If I've learned anything, I've learned this...
My biggest mistakes are forgiven and fogotten forever. I stand free of all condemnation. Makes me want to break out into song. Hallelujah, salvation and glory
Honor and power unto the Lord, our God
For the Lord, our God, is mighty
Yes, the Lord, our God is omnipotent
The Lord, our God, is wonderfulHallelujah! Salvation and glory and power belong to our God. Rev 19:1
16 лет назад не рассмотрела свою единственную любовь. Потом еще раза три или четыре не смогла ее рассмотреть в нем же. Теперь поздно - женат и дети.
Let's just talk about today.
Today's mistake: While writing a deep, heart felt sentiment on my daughter's 16th birthday card, I got distracted for a second, forgot what I was doing, then turned and signed the sentiment with my signiture.
Yes, my full first and last name like I was signing an official document. And, it was in ink. No erasing my mistake. No trying to cover it up.
My daughter thought it was so funny, she tweeted it for the world to read, and included this in her tweet...
My daughter will never let me live this down.
Научился ошибаться. Теперь отучиться не получается.

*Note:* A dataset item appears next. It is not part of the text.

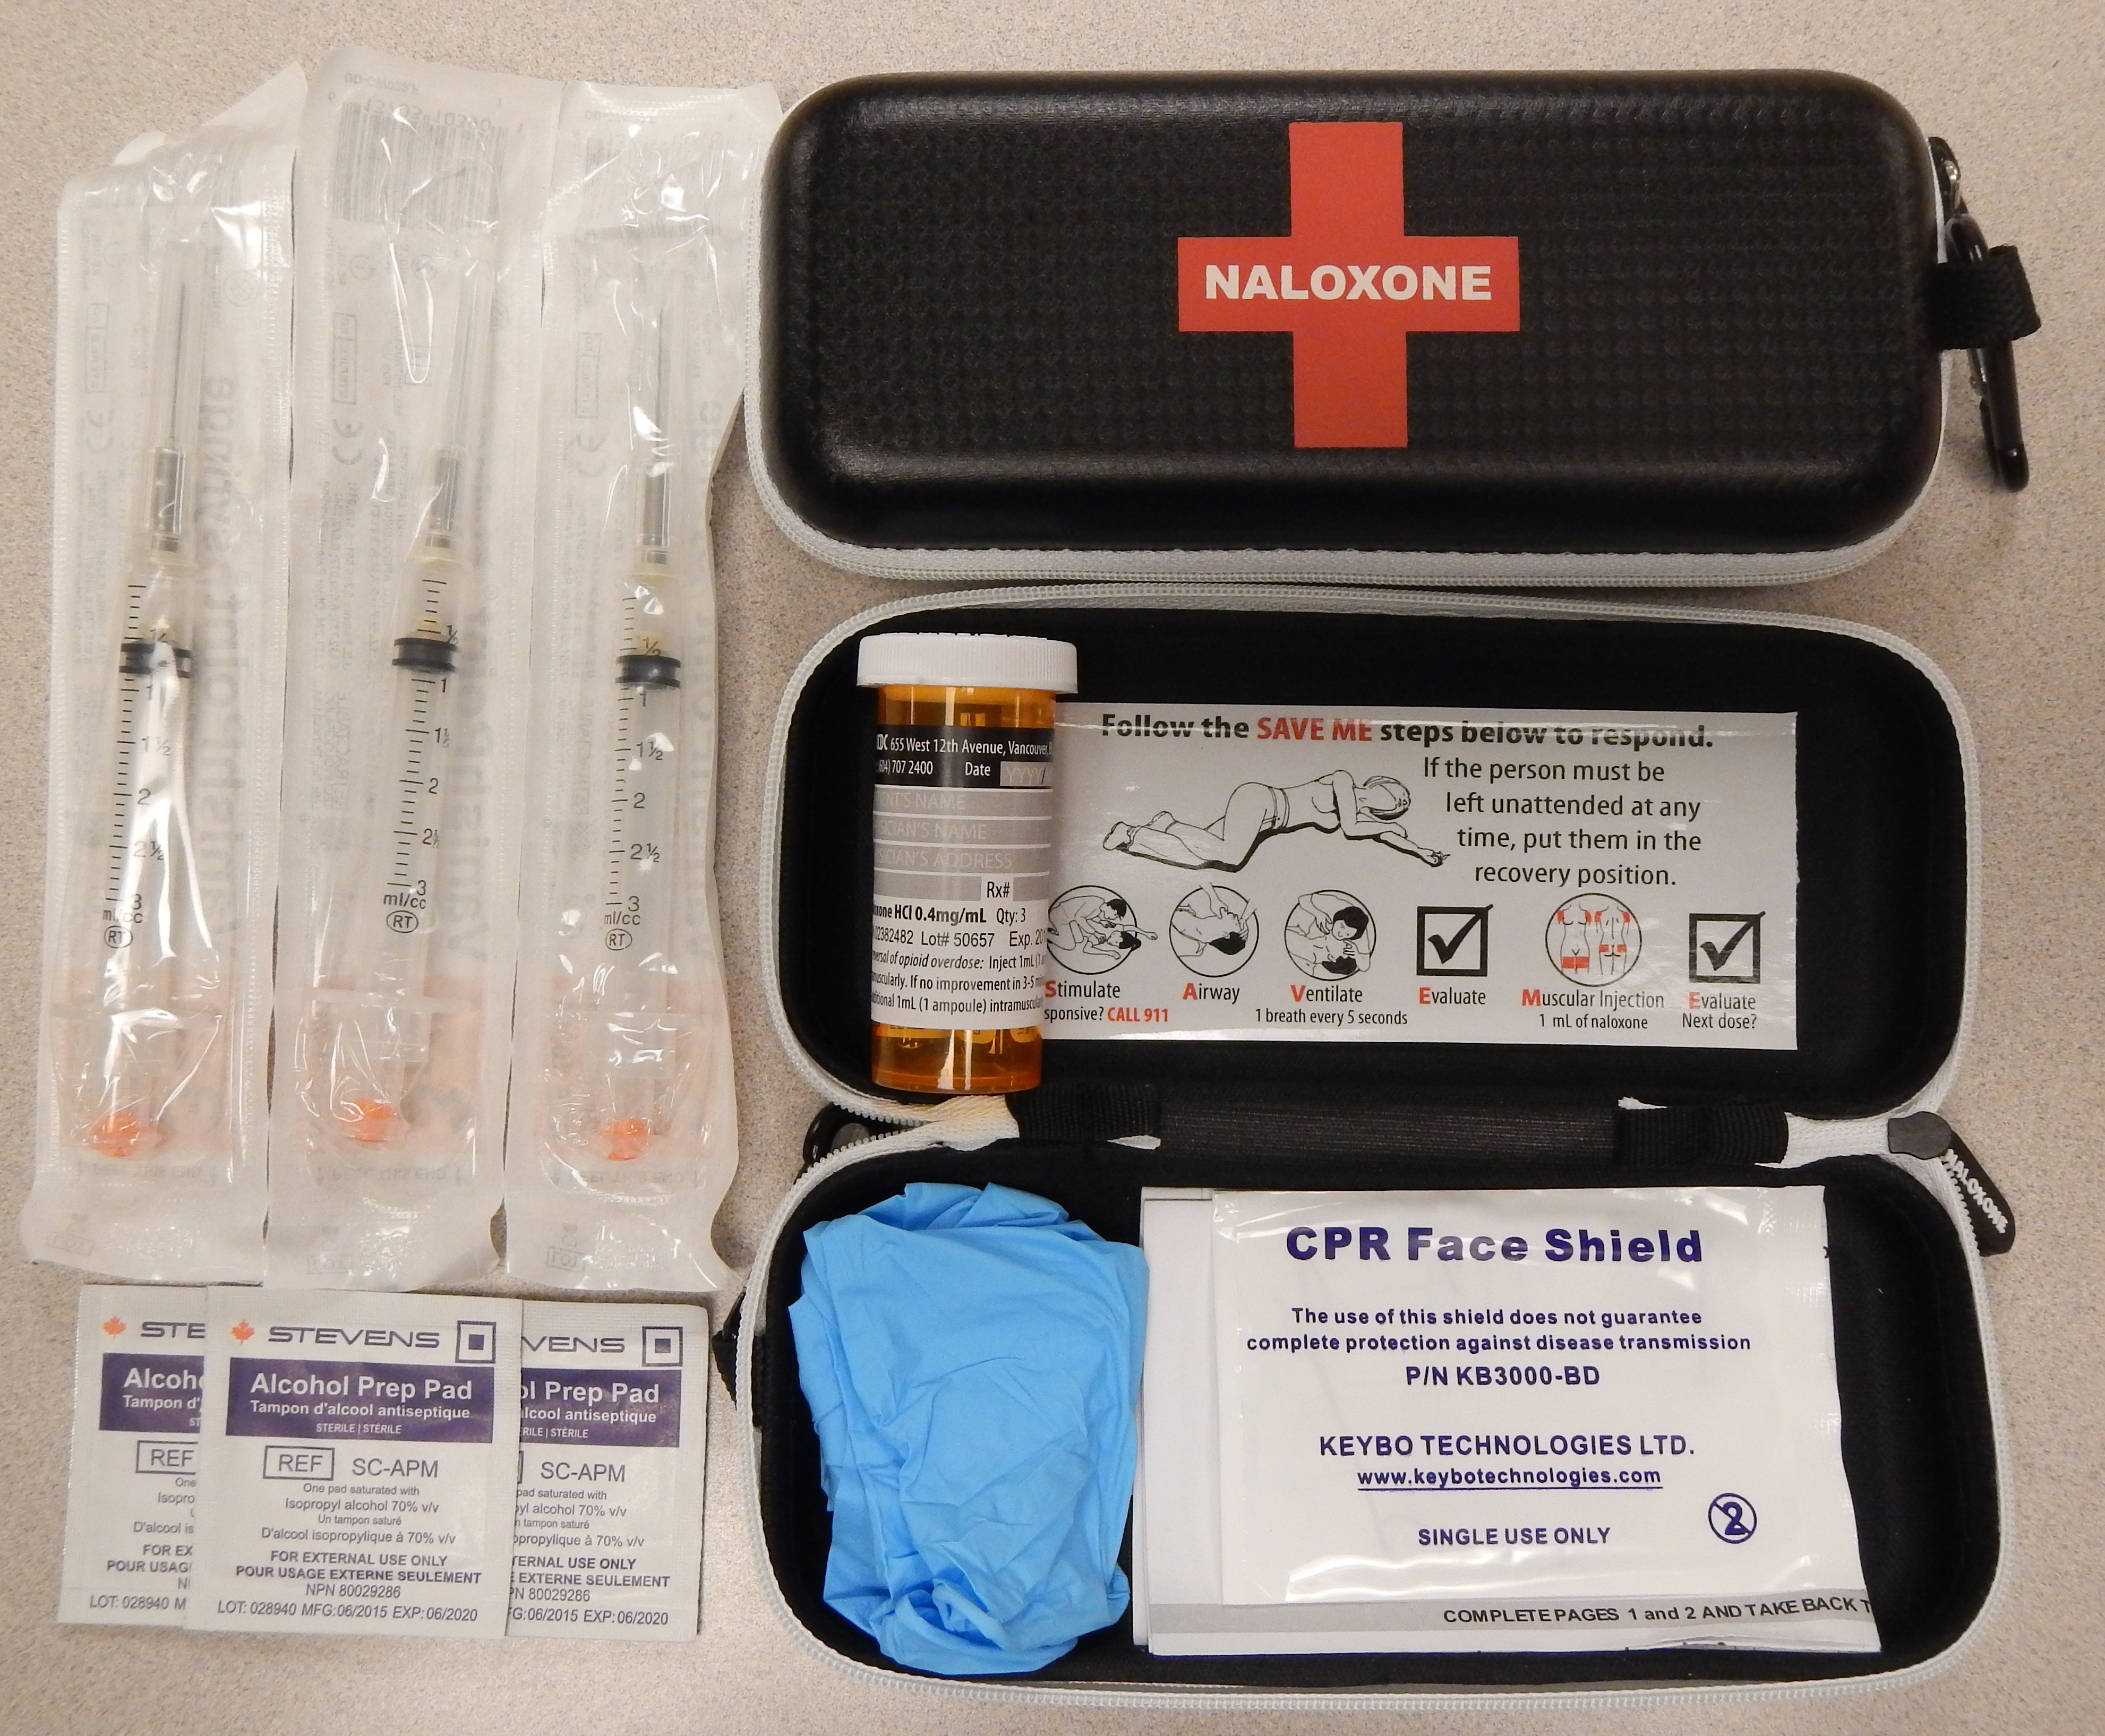 A naloxone kit, containing the naloxone itself plus needles and syringes, wipes, and instructions

Of all of the mistakes I've made so far (and trust me, there are quite a few that I'm still trying to remedy...) the biggest I've made was not buckling down sooner in my first foray into college. I was just coming out of the military, and I enrolled at the local university, thinking it would be child's play. Definitely not the mindset one needs to have in order to be successful in college. I learned (after a long period of mind-numbing jobs and many misfortures) that in order to be a success, I had to apply myself to the work and not goof off anymore. A couple semesters in, and a few bouts with the Dean's List, I am well on my way to getting my degree. Now I just need to get a few more things that are necessary for survival, and I'll be set...

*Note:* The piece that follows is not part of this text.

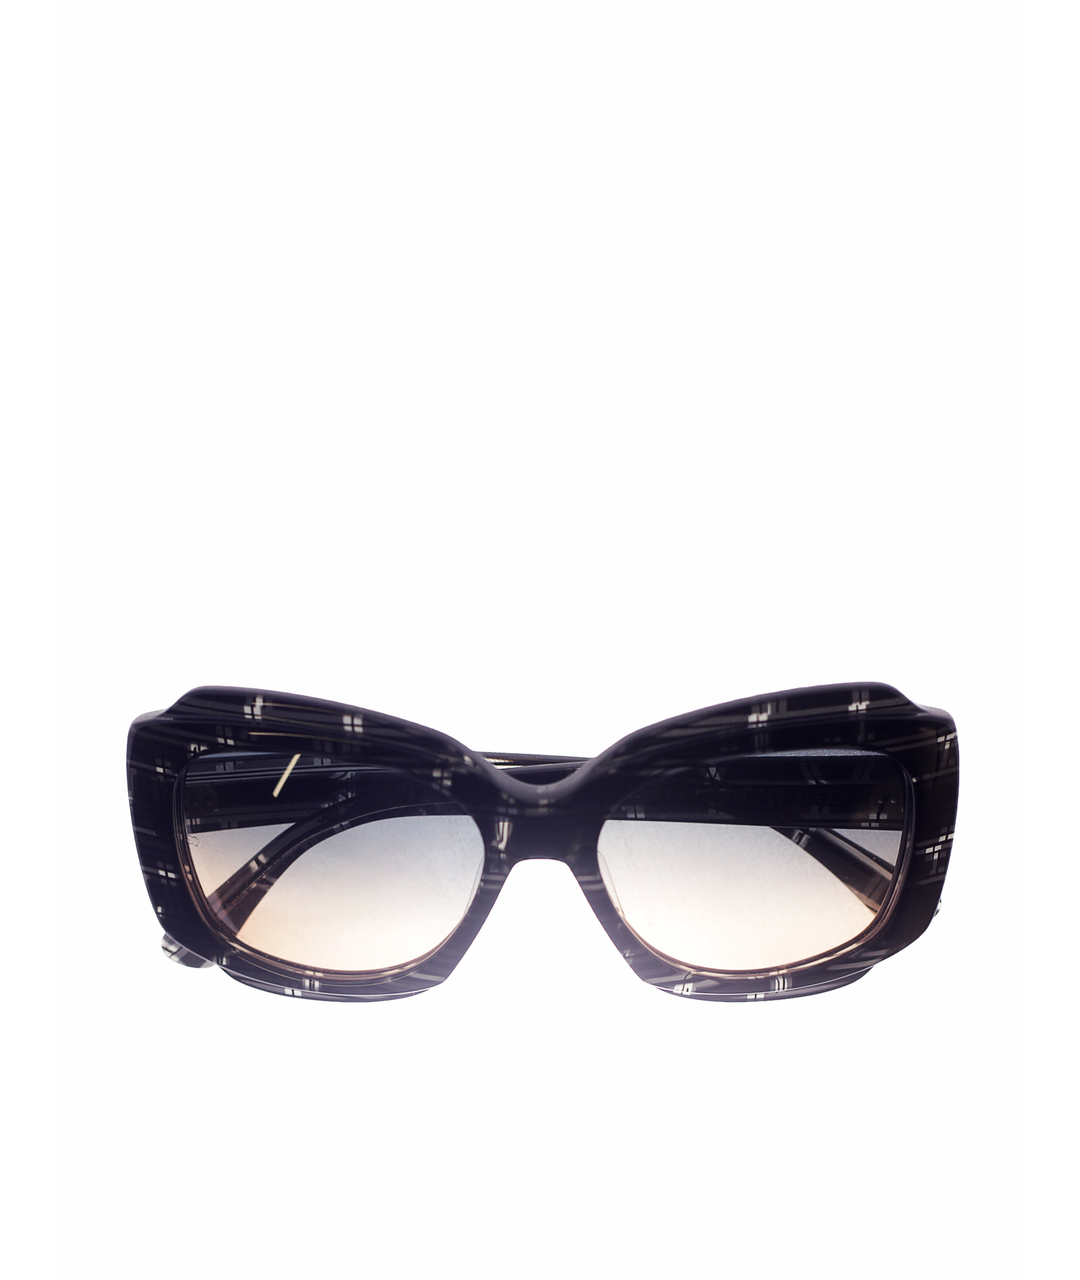 OLIVER GOLDSMITH Пластиковые солнцезащитные очки, фото 1

Making the first move. It happened not twice but thrice.
Letting other people's actions dictate what I do. That is just letting people walk all over me, I used to be too nice for my own good, and it got me nowhere.

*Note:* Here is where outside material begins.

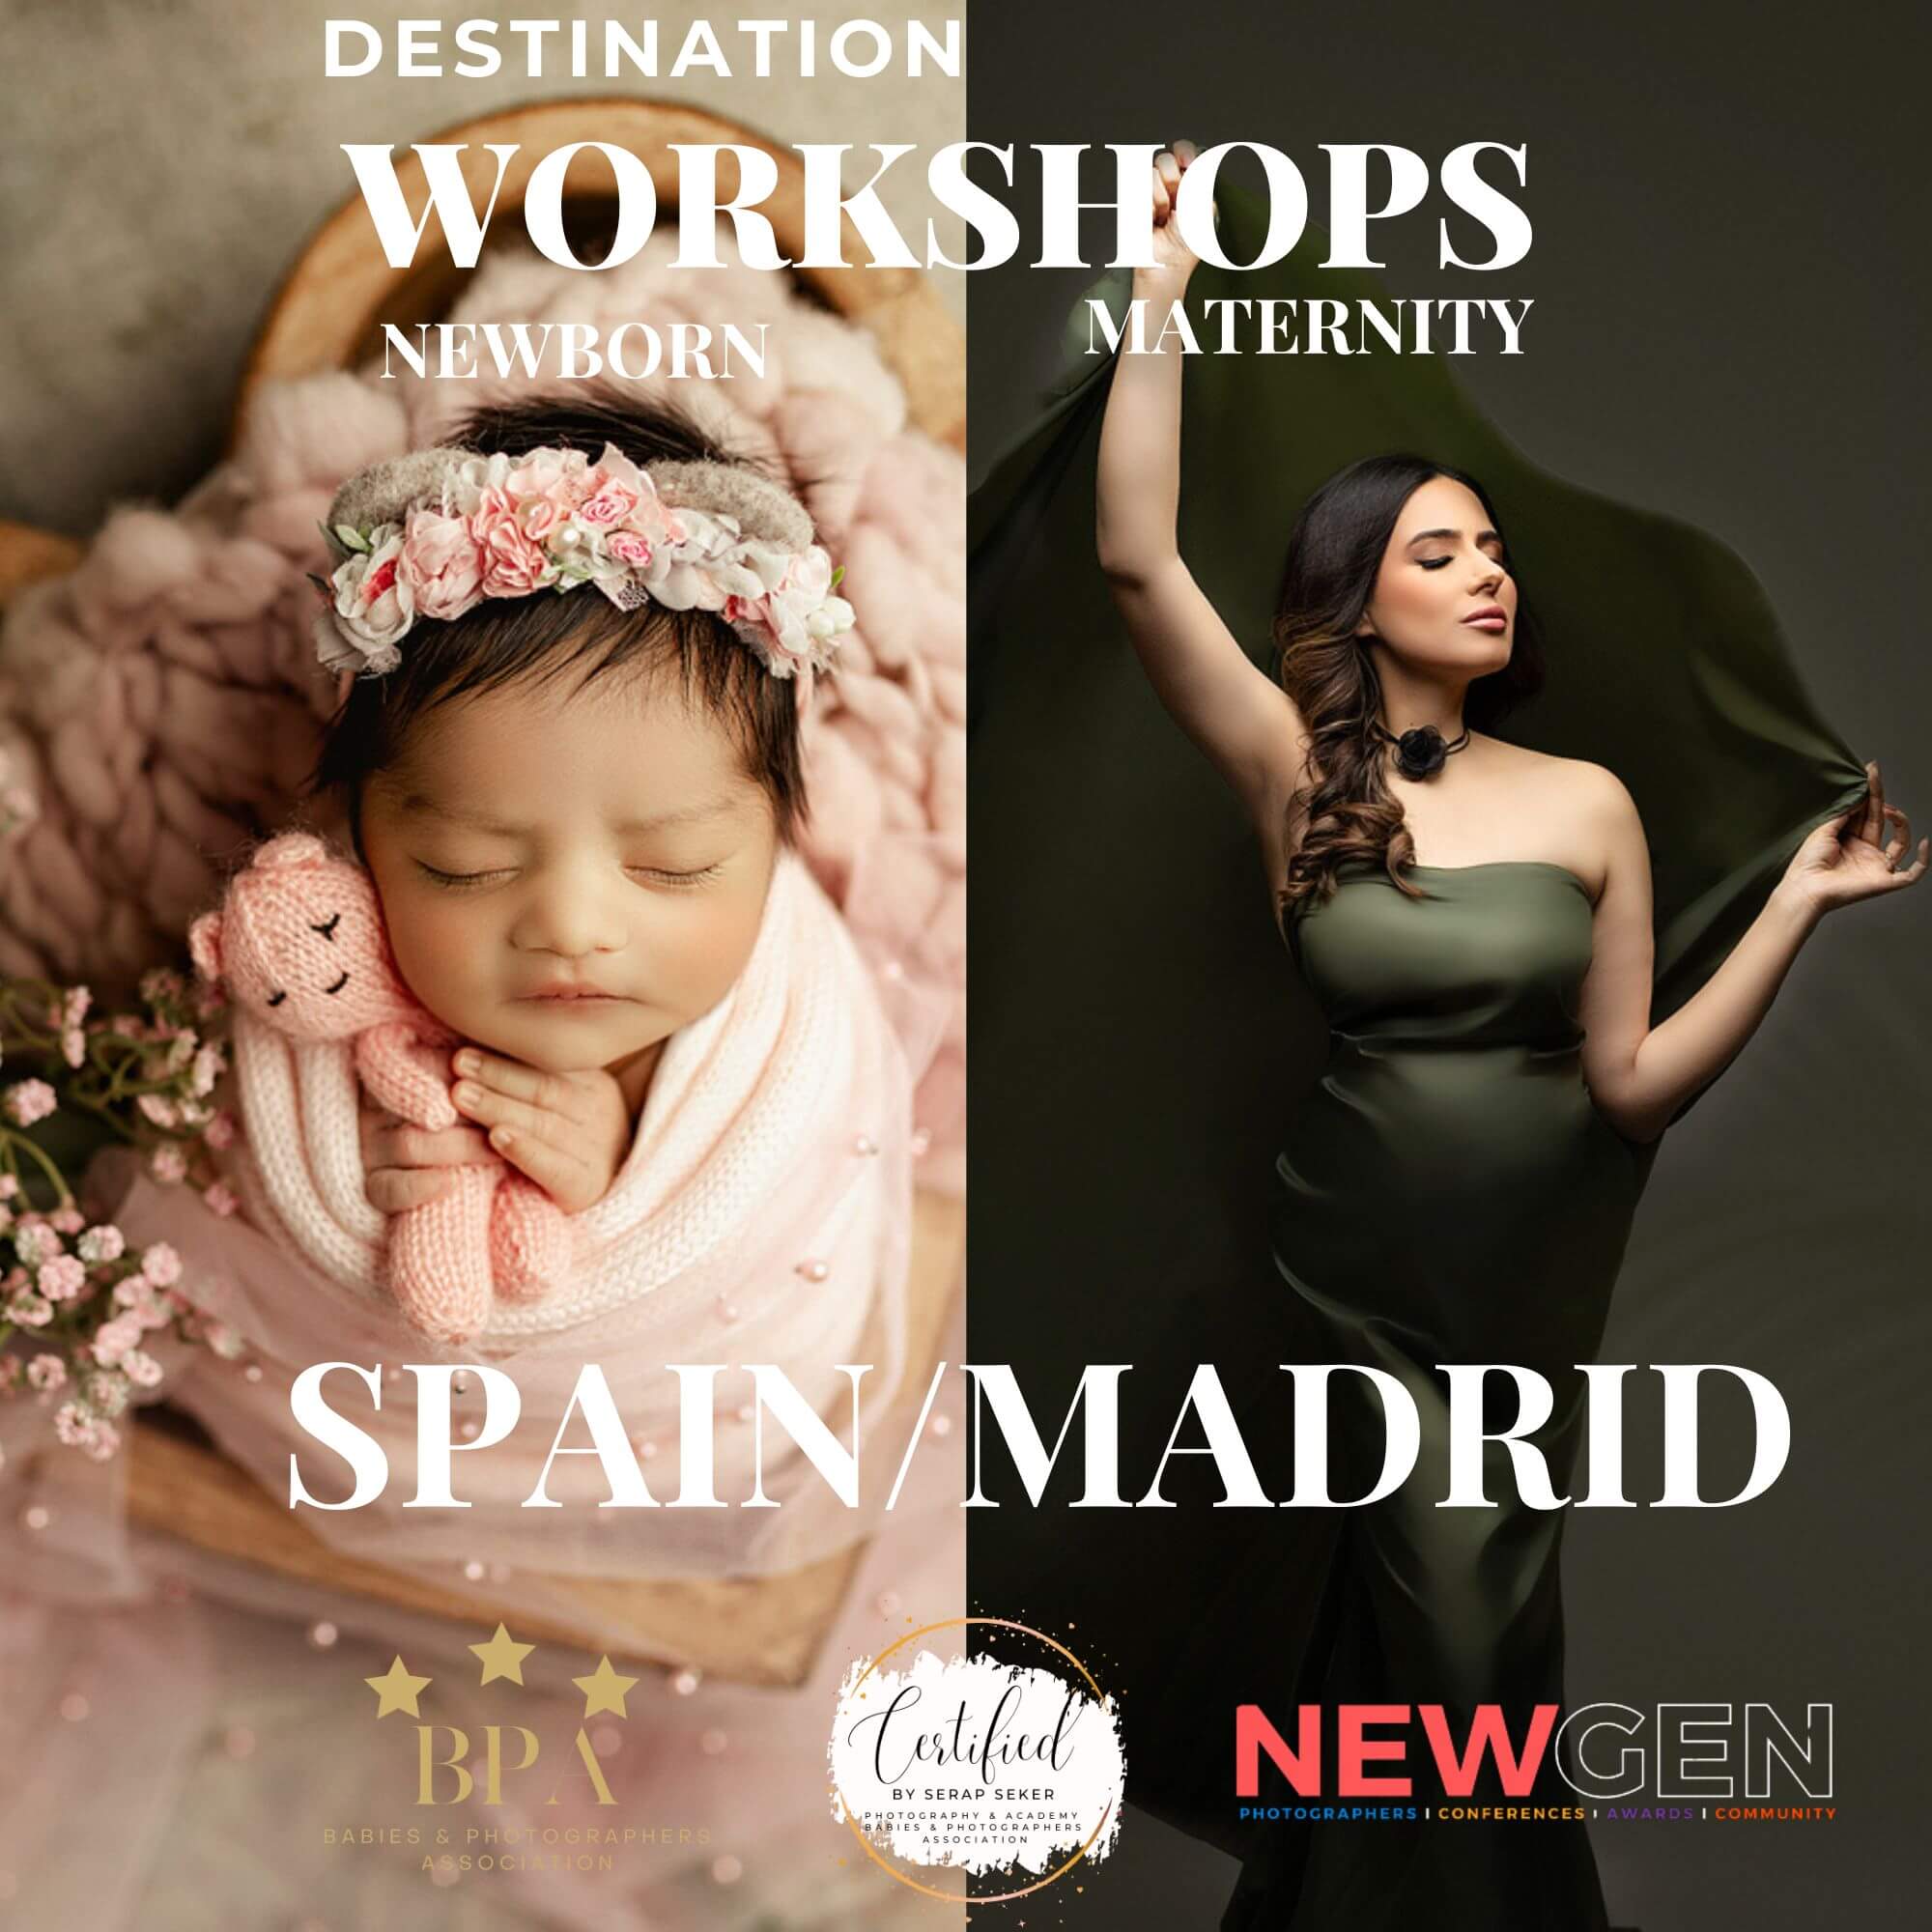 Spain/Madrid Workshop

Letting myself be emotionally abused for over 5 years. The guy who was the sweetest person the first couple of years became demented and brought me to tears over and over again. Staying with him for so long was my mistake. When he broke up with me it crushed me, but over time I realized that I was better because of it. I learned not to go blindly into things. Just because a guy seems sweet and perfect doesn't mean they are. If he is making you cry, canceling on you last second for no good reason, embarrassed to be around you, or hurting you friends then he is not worth the pain. No one is worth a broken heart.
I think the biggest mistake of my life so far is a mistake I keep making over and over again. I keep rushing into things. I guess I'm talking about relationships in this instance, but I guess this can also apply to life in general. Once I get into a situation because of my hurrying, I find certain flaws that I feel commanded to fix, and if they aren't fixed... well I feel as if I'm in a leaky boat in the middle of the ocean. The problems slowly seep in like the water in that boat, and I have no way to patch it up. Eventually I'll drown.
I guess making this mistake has taught me to be wary about certain situations, and not all that glitters is truly gold.
Eh. I have class... and I'm actually sneaking on this computer. So I gotta go.
The biggest mistake of my life was when I tried drinking with a couple of friends when I was 14, and it wasn't from peer pressure, I just wanted a taste of vodka. Turns out, its disgusting, and if I would have gotten a ride home from one of my freinds instead of calling my mom like I had, I would have died in he same accident they had. I haven't touched a single drop of anything like it since then.